When I try to visualise my results, following the instructions in the readme, the code crashes with en error message and only one plot is created. It seems the conversion of the date-time-string does not work as intended. [branch origin/inclusion-own-benchmark.]

uv run src/utils/visualize_results.py imdb
Plot saved to plots/imdb_accuracy_vs_energy.png
Traceback (most recent call last):
  File "/home/hartwigt/Documents/llm-testframework/.venv/lib/python3.12/site-packages/pandas/core/groupby/groupby.py", line 1942, in _agg_py_fallback
    res_values = self._grouper.agg_series(ser, alt, preserve_dtype=True)
                 ^^^^^^^^^^^^^^^^^^^^^^^^^^^^^^^^^^^^^^^^^^^^^^^^^^^^^^^
  File "/home/hartwigt/Documents/llm-testframework/.venv/lib/python3.12/site-packages/pandas/core/groupby/ops.py", line 864, in agg_series
    result = self._aggregate_series_pure_python(obj, func)
             ^^^^^^^^^^^^^^^^^^^^^^^^^^^^^^^^^^^^^^^^^^^^^
  File "/home/hartwigt/Documents/llm-testframework/.venv/lib/python3.12/site-packages/pandas/core/groupby/ops.py", line 885, in _aggregate_series_pure_python
    res = func(group)
          ^^^^^^^^^^^
  File "/home/hartwigt/Documents/llm-testframework/.venv/lib/python3.12/site-packages/pandas/core/groupby/groupby.py", line 2454, in <lambda>
    alt=lambda x: Series(x, copy=False).mean(numeric_only=numeric_only),
                  ^^^^^^^^^^^^^^^^^^^^^^^^^^^^^^^^^^^^^^^^^^^^^^^^^^^^^
  File "/home/hartwigt/Documents/llm-testframework/.venv/lib/python3.12/site-packages/pandas/core/series.py", line 6549, in mean
    return NDFrame.mean(self, axis, skipna, numeric_only, **kwargs)

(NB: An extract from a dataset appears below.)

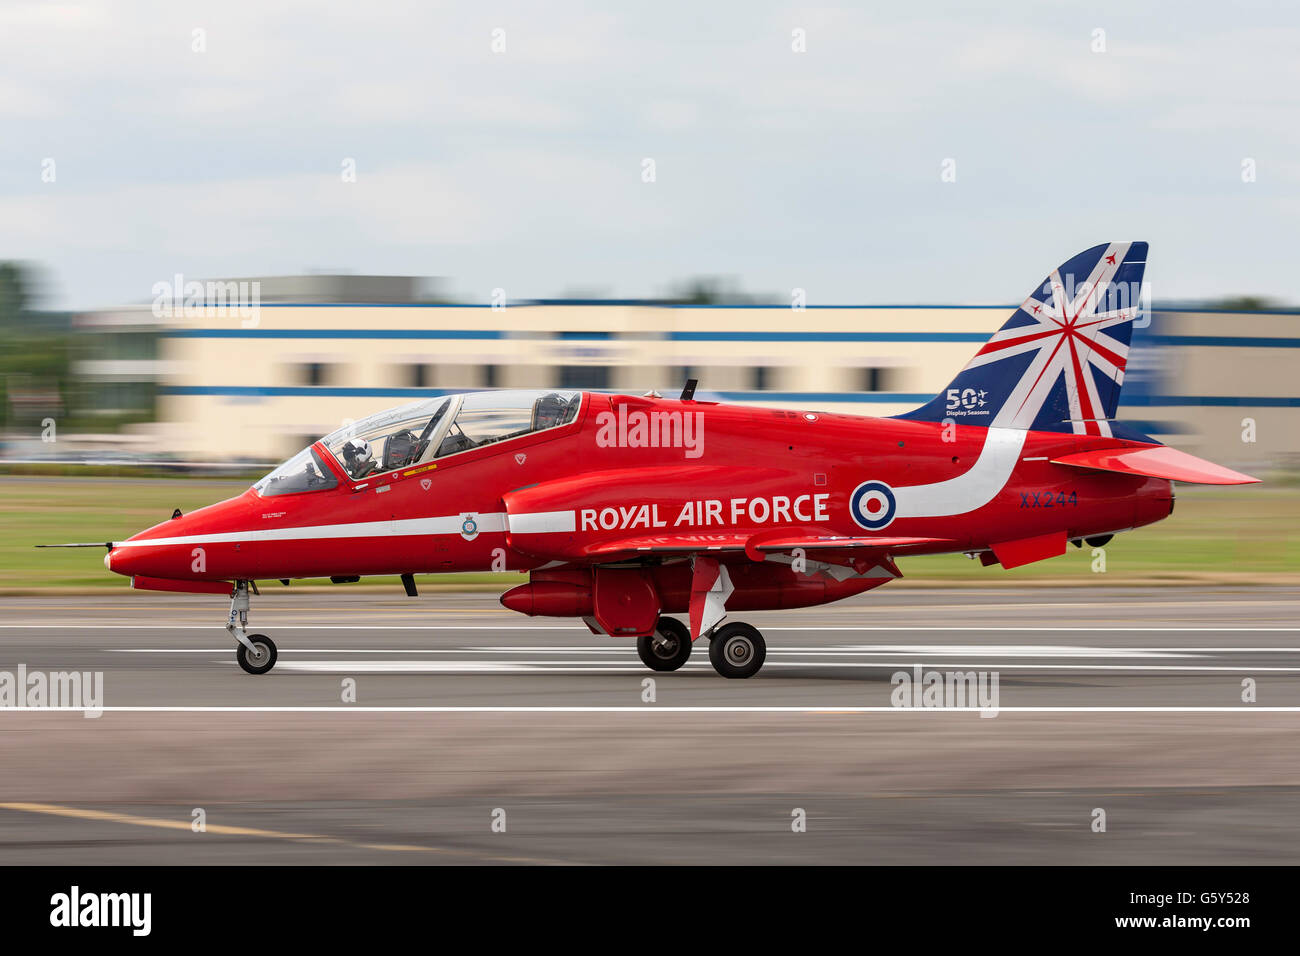 Royal Air Force (RAF) flèches rouges aerobatic display team performing au Farnborough International Airshow Banque D'Images

           ^^^^^^^^^^^^^^^^^^^^^^^^^^^^^^^^^^^^^^^^^^^^^^^^^^^^^^^^
  File "/home/hartwigt/Documents/llm-testframework/.venv/lib/python3.12/site-packages/pandas/core/generic.py", line 12420, in mean
    return self._stat_function(
           ^^^^^^^^^^^^^^^^^^^^
  File "/home/hartwigt/Documents/llm-testframework/.venv/lib/python3.12/site-packages/pandas/core/generic.py", line 12377, in _stat_function
    return self._reduce(
           ^^^^^^^^^^^^^
  File "/home/hartwigt/Documents/llm-testframework/.venv/lib/python3.12/site-packages/pandas/core/series.py", line 6457, in _reduce
    return op(delegate, skipna=skipna, **kwds)

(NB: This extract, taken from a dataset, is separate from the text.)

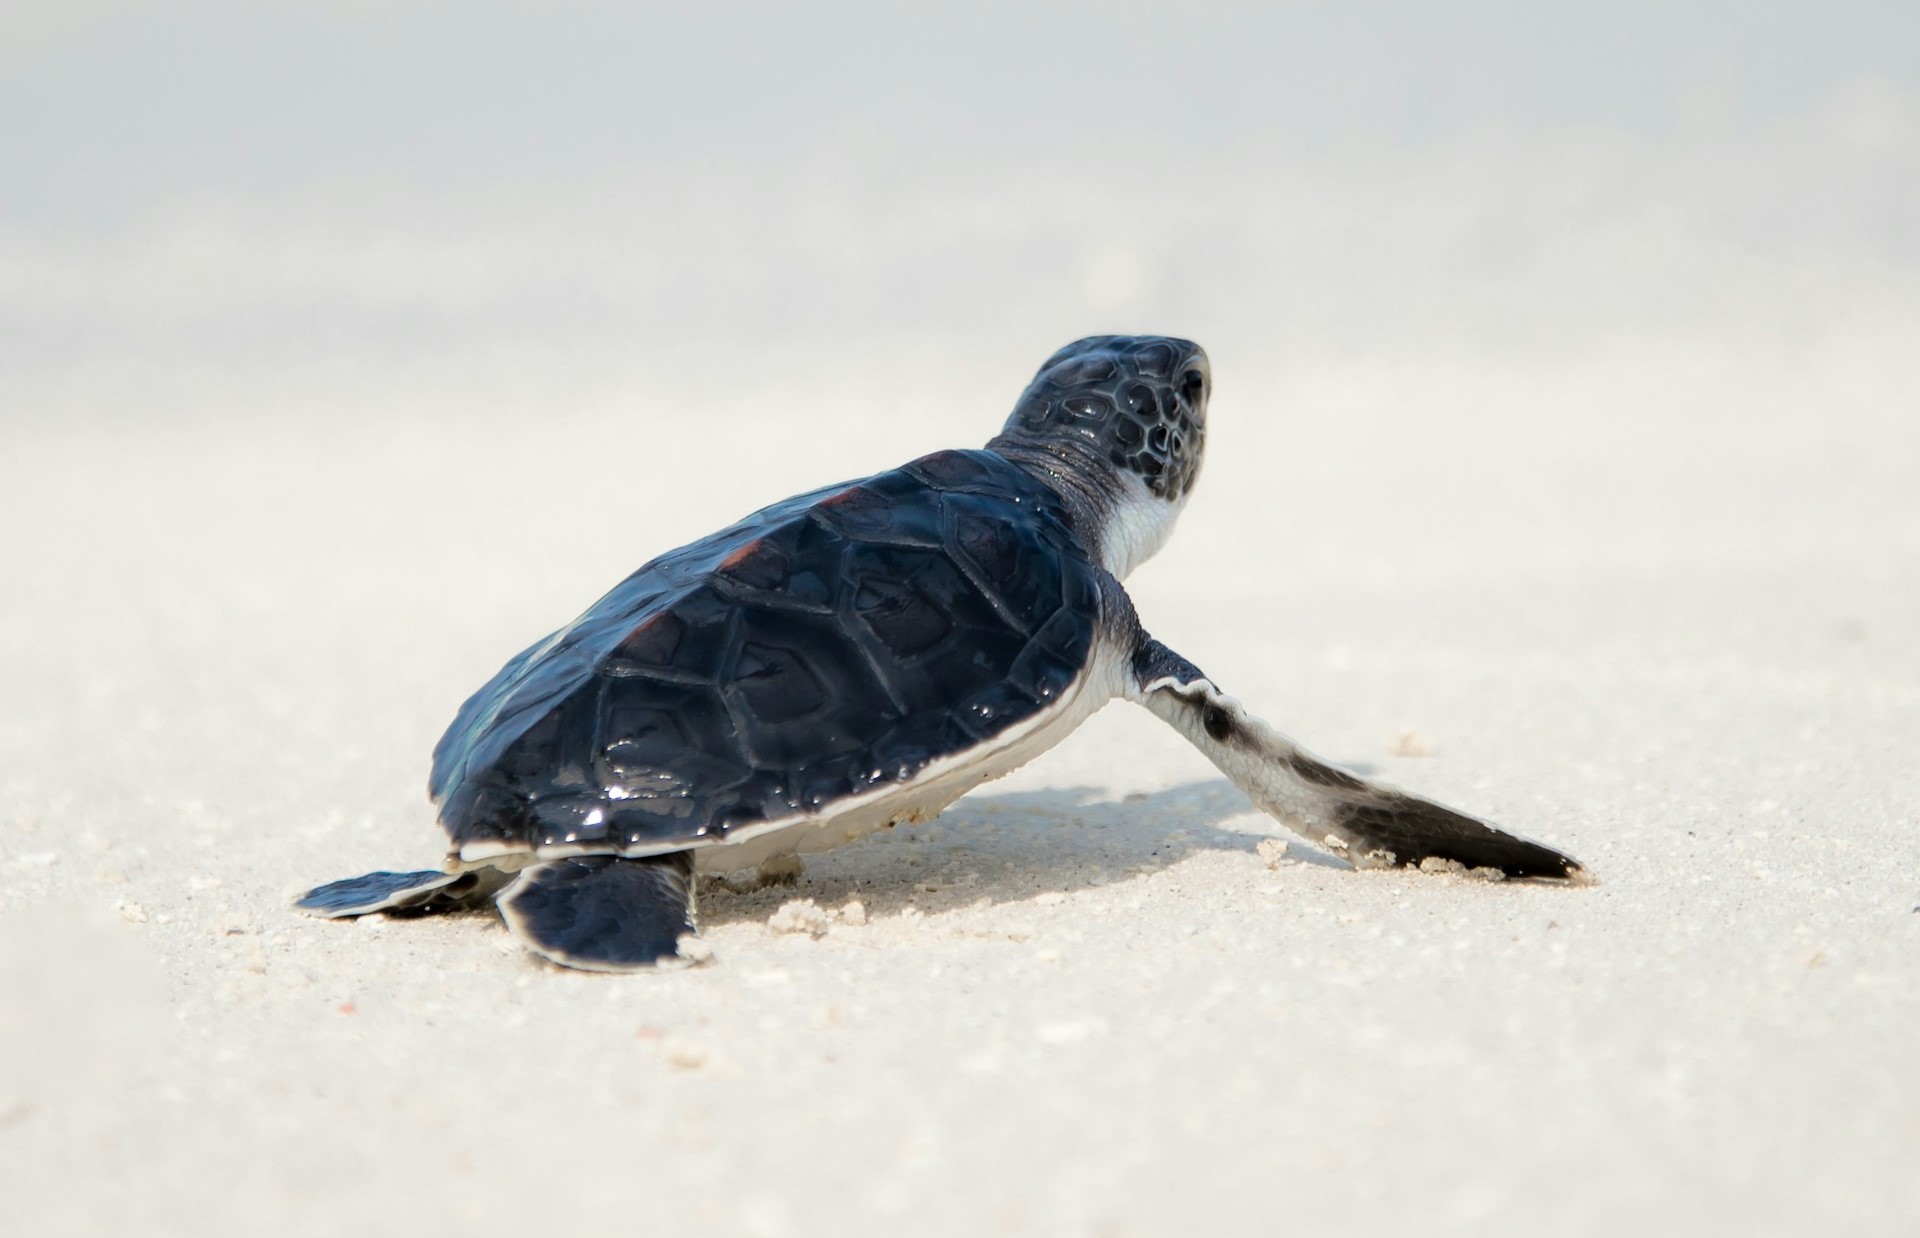 Baby turtle on sand

           ^^^^^^^^^^^^^^^^^^^^^^^^^^^^^^^^^^^
  File "/home/hartwigt/Documents/llm-testframework/.venv/lib/python3.12/site-packages/pandas/core/nanops.py", line 147, in f
    result = alt(values, axis=axis, skipna=skipna, **kwds)
             ^^^^^^^^^^^^^^^^^^^^^^^^^^^^^^^^^^^^^^^^^^^^^
  File "/home/hartwigt/Documents/llm-testframework/.venv/lib/python3.12/site-packages/pandas/core/nanops.py", line 404, in new_func
    result = func(values, axis=axis, skipna=skipna, mask=mask, **kwargs)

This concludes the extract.